## PROBLEM REQUIREMENTS
Here are the records. Write out exactly the lines between the one holding "Corsair 10GAT9901 Stream" and the one holding "Une porte rustique en bois sur fond blanc.", inclusive.

## EXERCISE INPUT

:::::

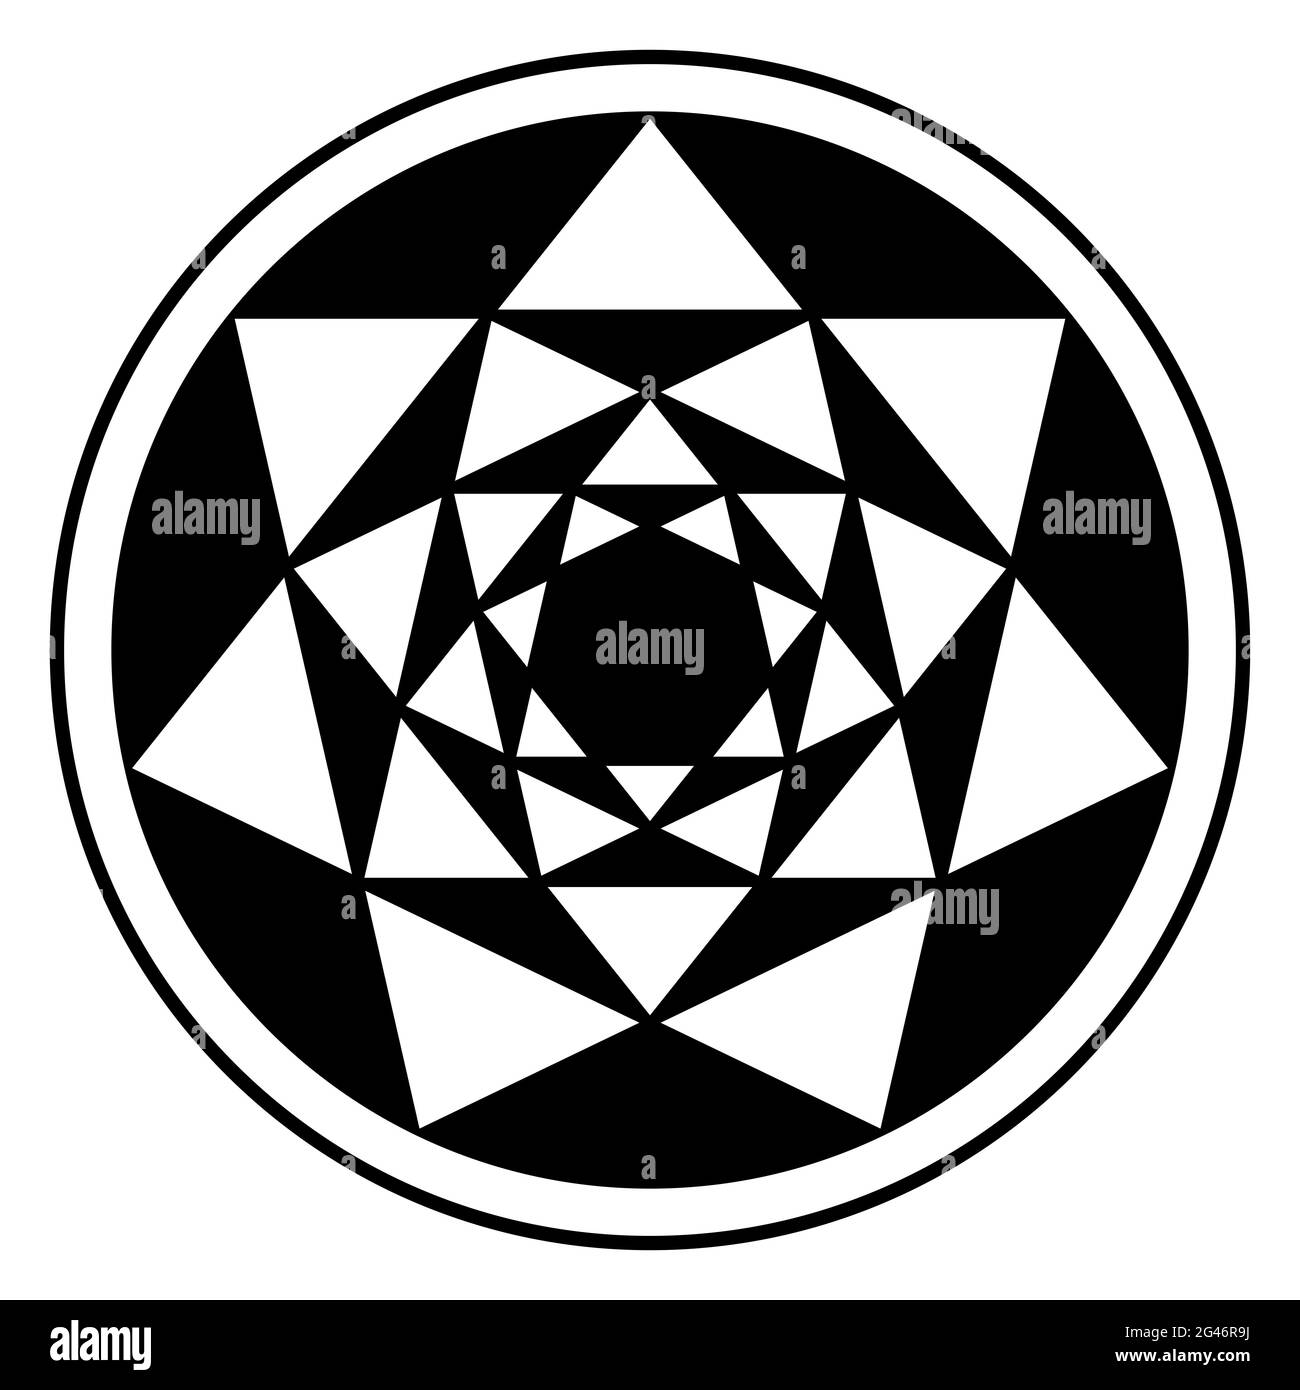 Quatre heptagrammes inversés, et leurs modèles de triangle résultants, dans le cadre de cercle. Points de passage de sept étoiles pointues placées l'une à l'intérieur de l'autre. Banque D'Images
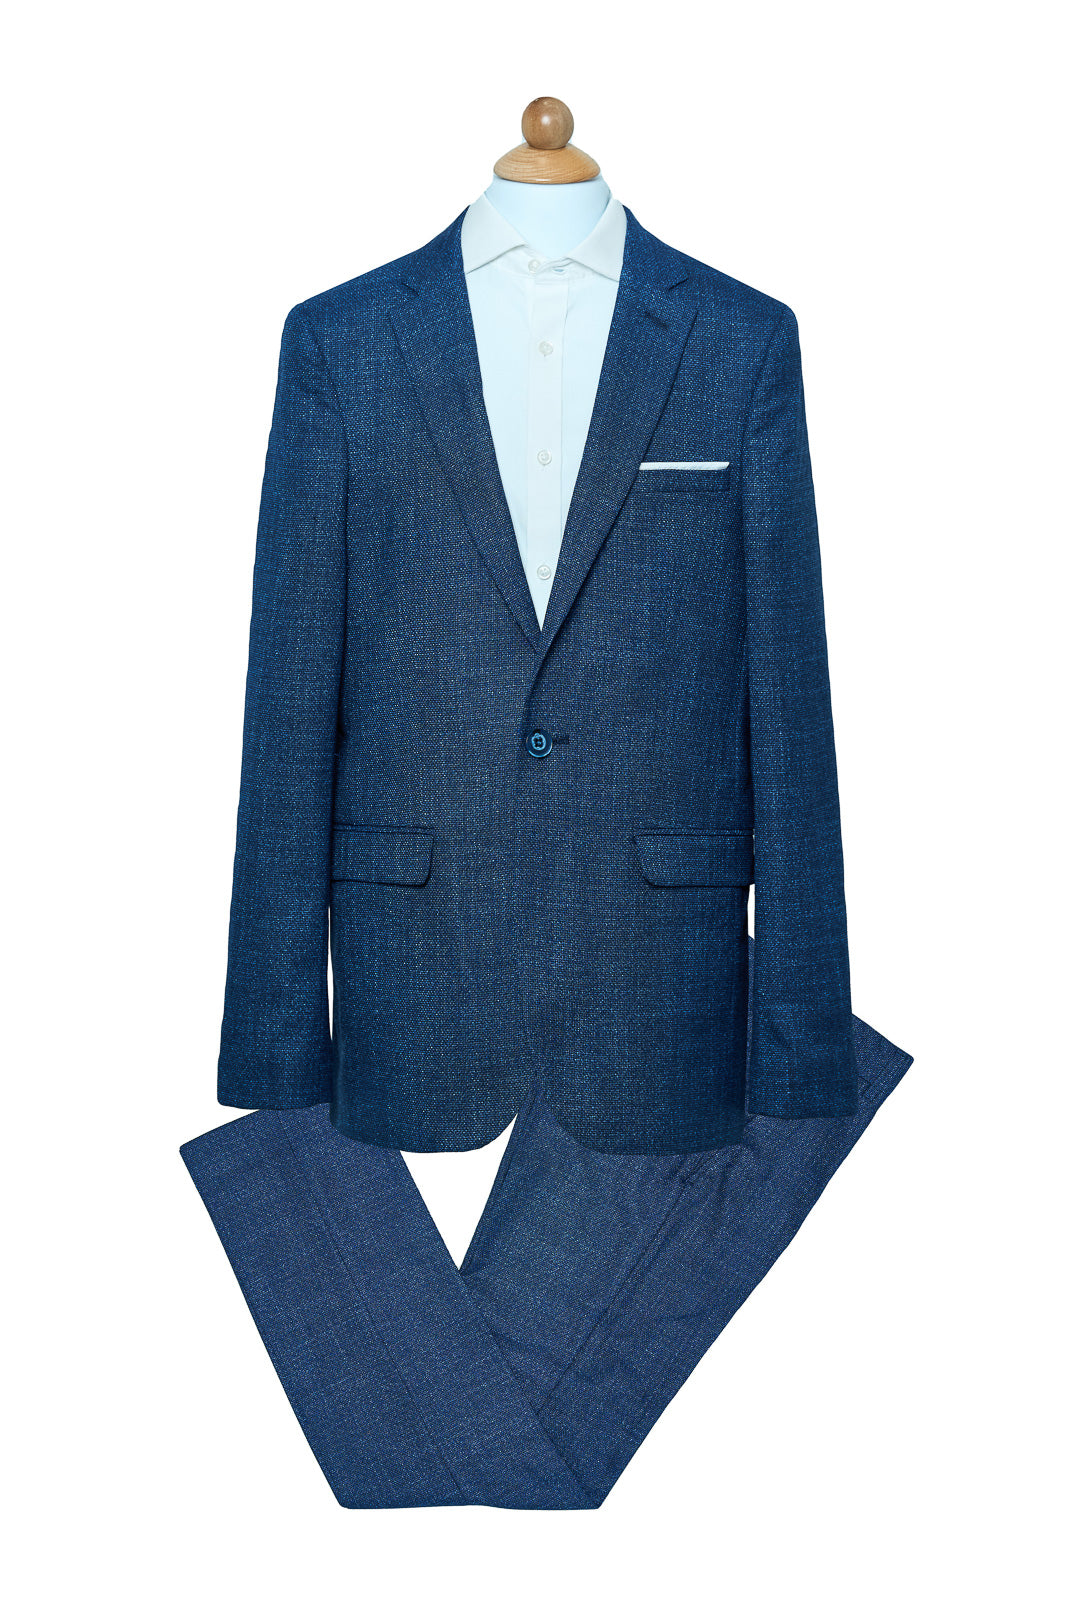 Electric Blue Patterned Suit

:::::

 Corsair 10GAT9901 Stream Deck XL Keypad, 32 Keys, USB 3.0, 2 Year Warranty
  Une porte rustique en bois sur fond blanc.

:::::

## ANSWER TO THIS TASK
 Corsair 10GAT9901 Stream Deck XL Keypad, 32 Keys, USB 3.0, 2 Year Warranty
  Une porte rustique en bois sur fond blanc.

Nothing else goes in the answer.